-- Recorded data follows --

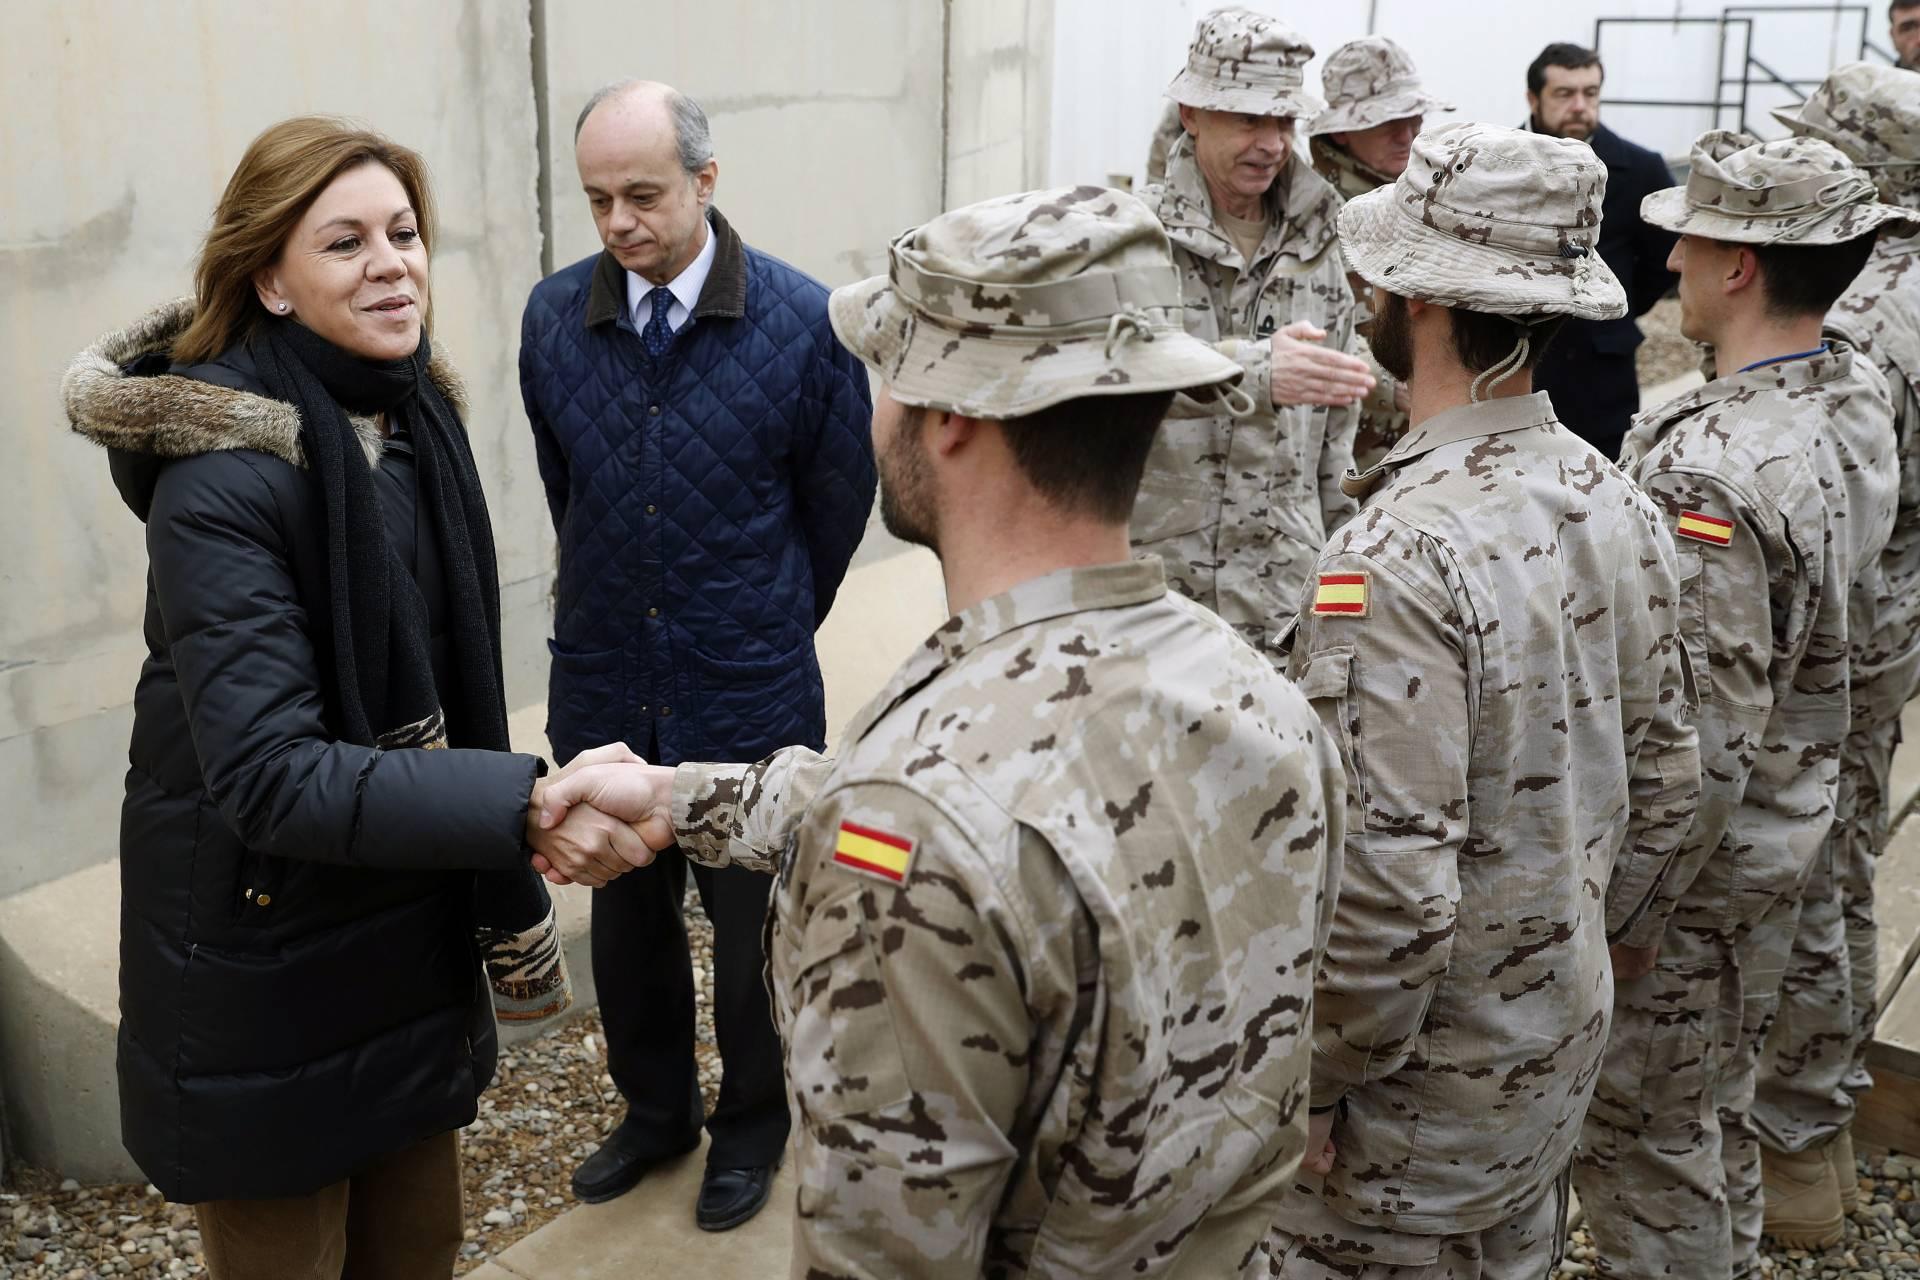 La ministra de Defensa, María Dolores de Cospedal, en su reciente visita a Irak.
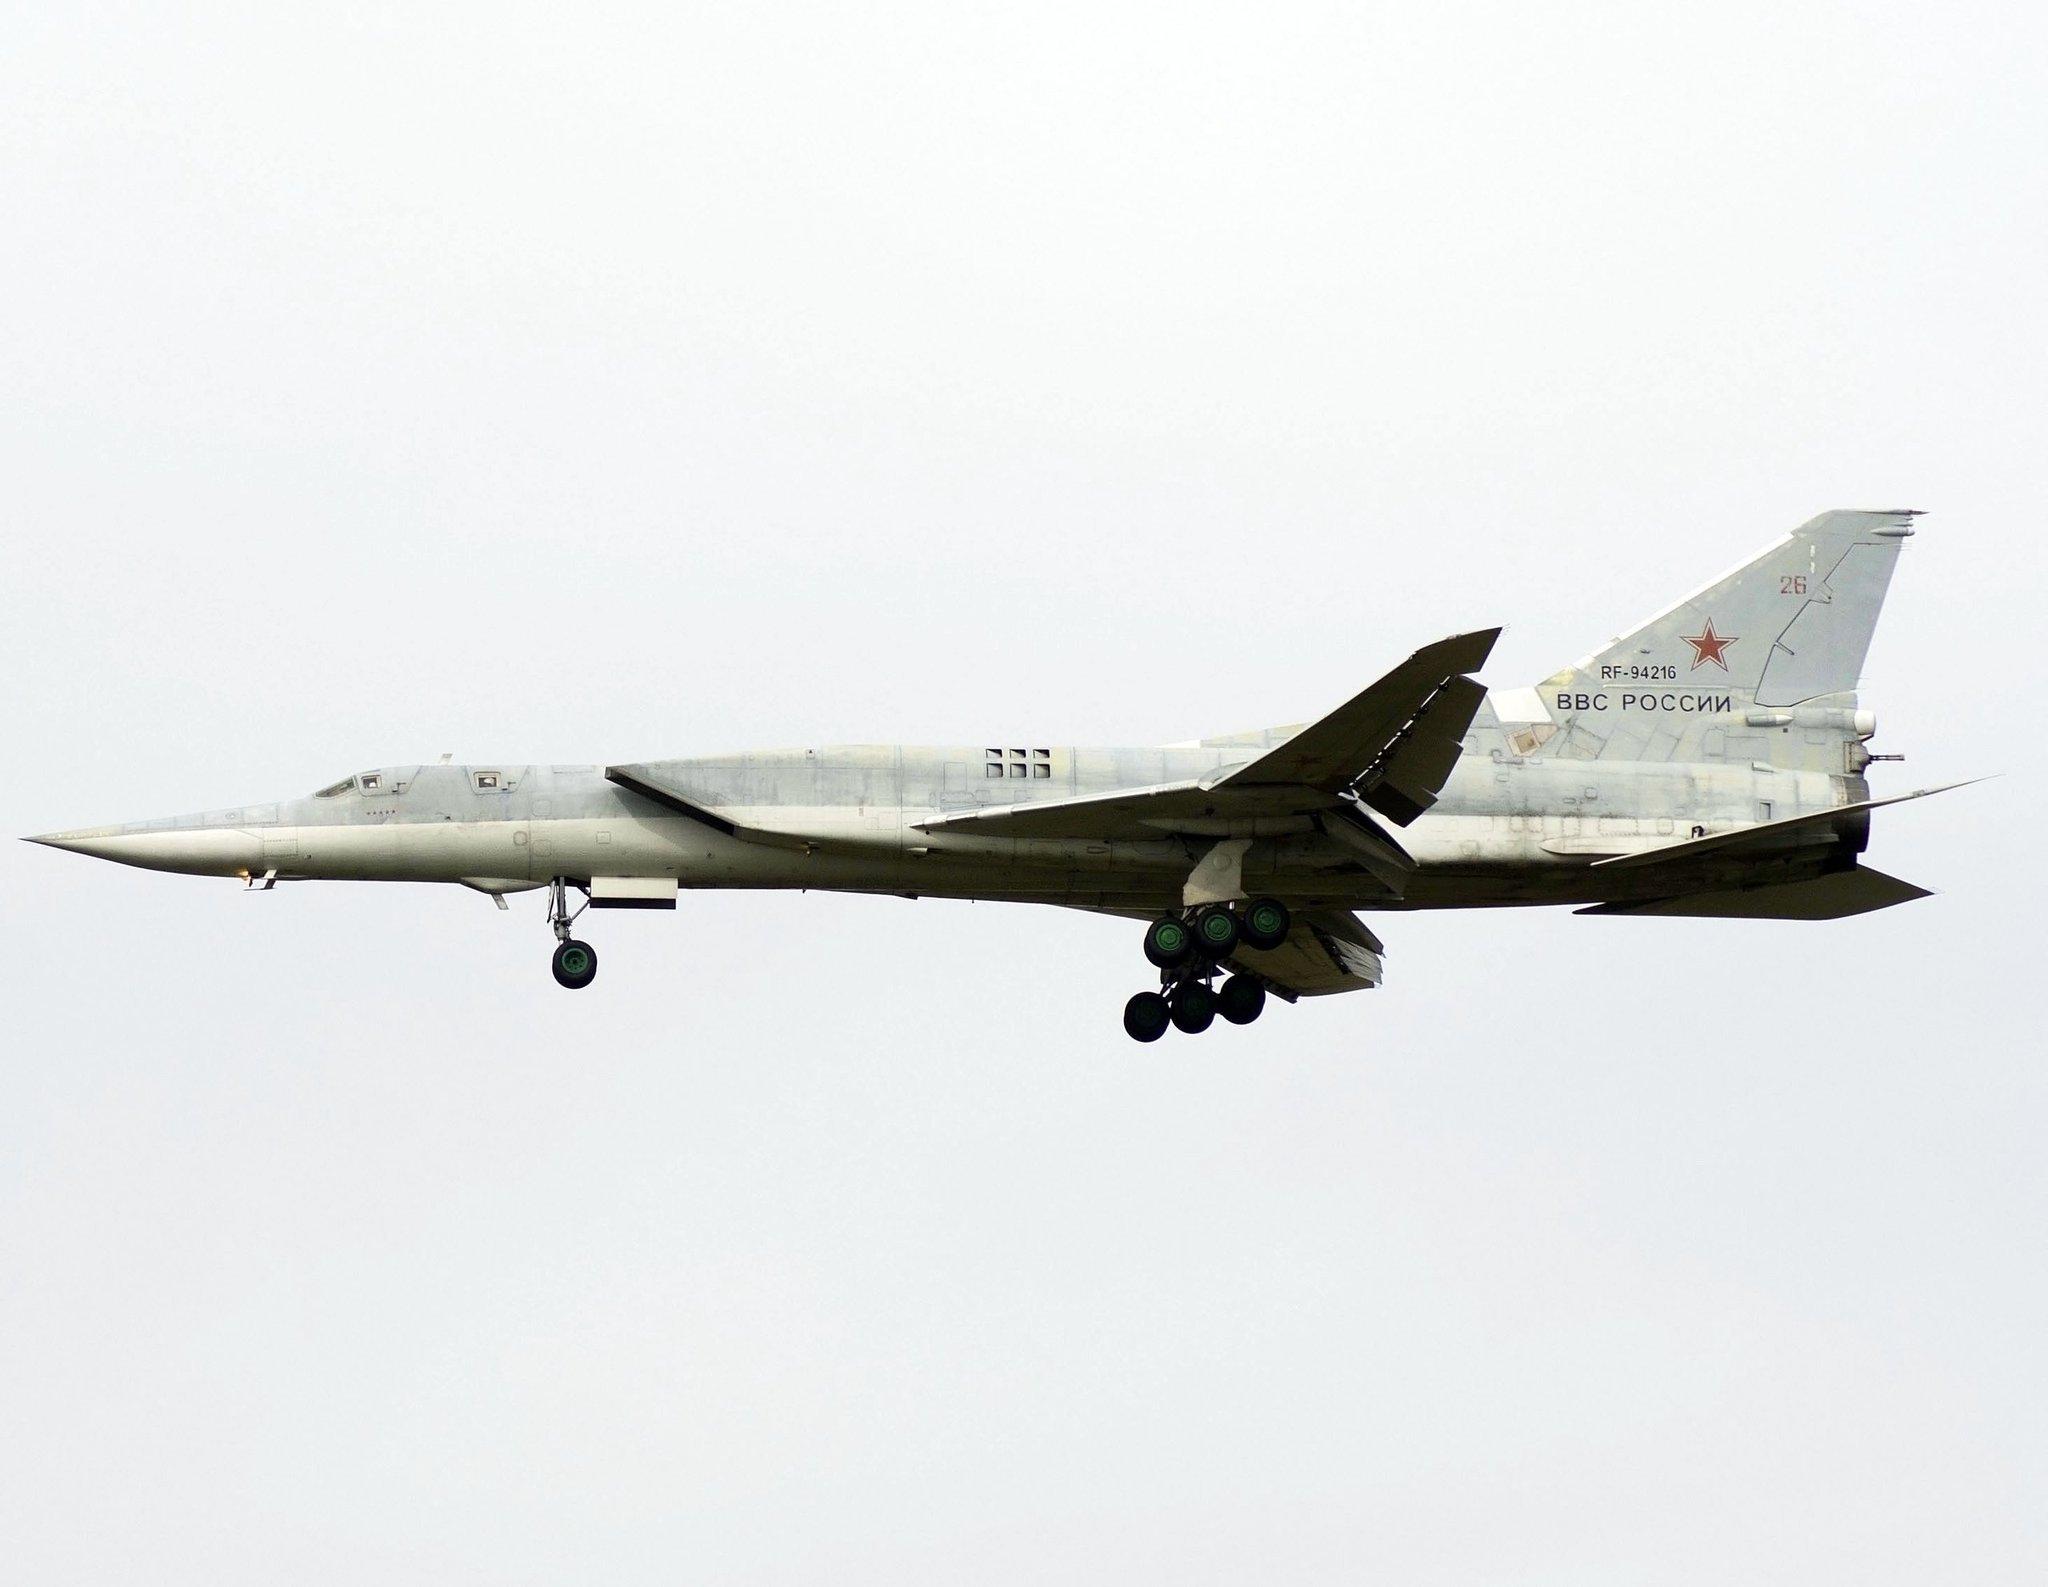 Orosz légi és kozmikus erők 8HthVfe-Niw
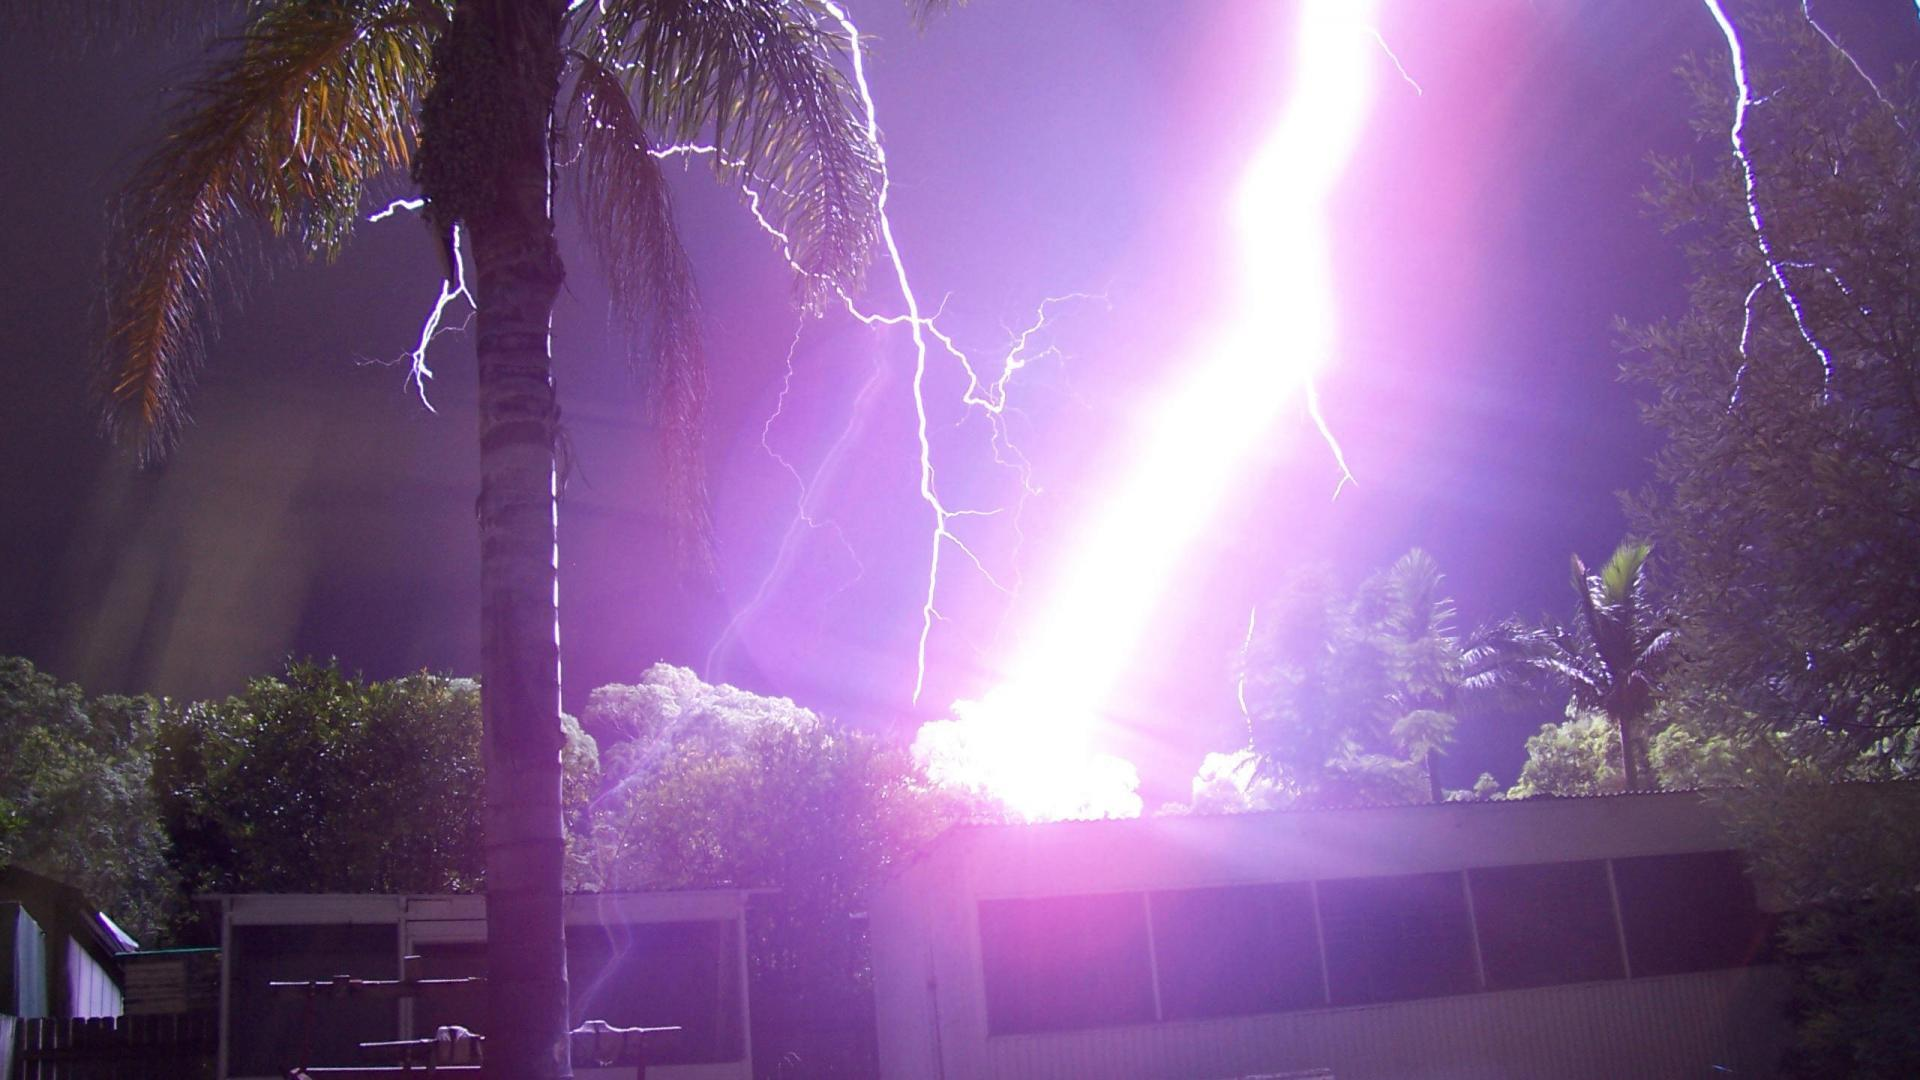 lightning strike wallpaper - photo #19

-- Recorded data concluded --

Aim of the task
Using the data above, write out every line exactly, leaving the images behind.

Exercise output
 La ministra de Defensa, María Dolores de Cospedal, en su reciente visita a Irak.
 Orosz légi és kozmikus erők 8HthVfe-Niw
 lightning strike wallpaper - photo #19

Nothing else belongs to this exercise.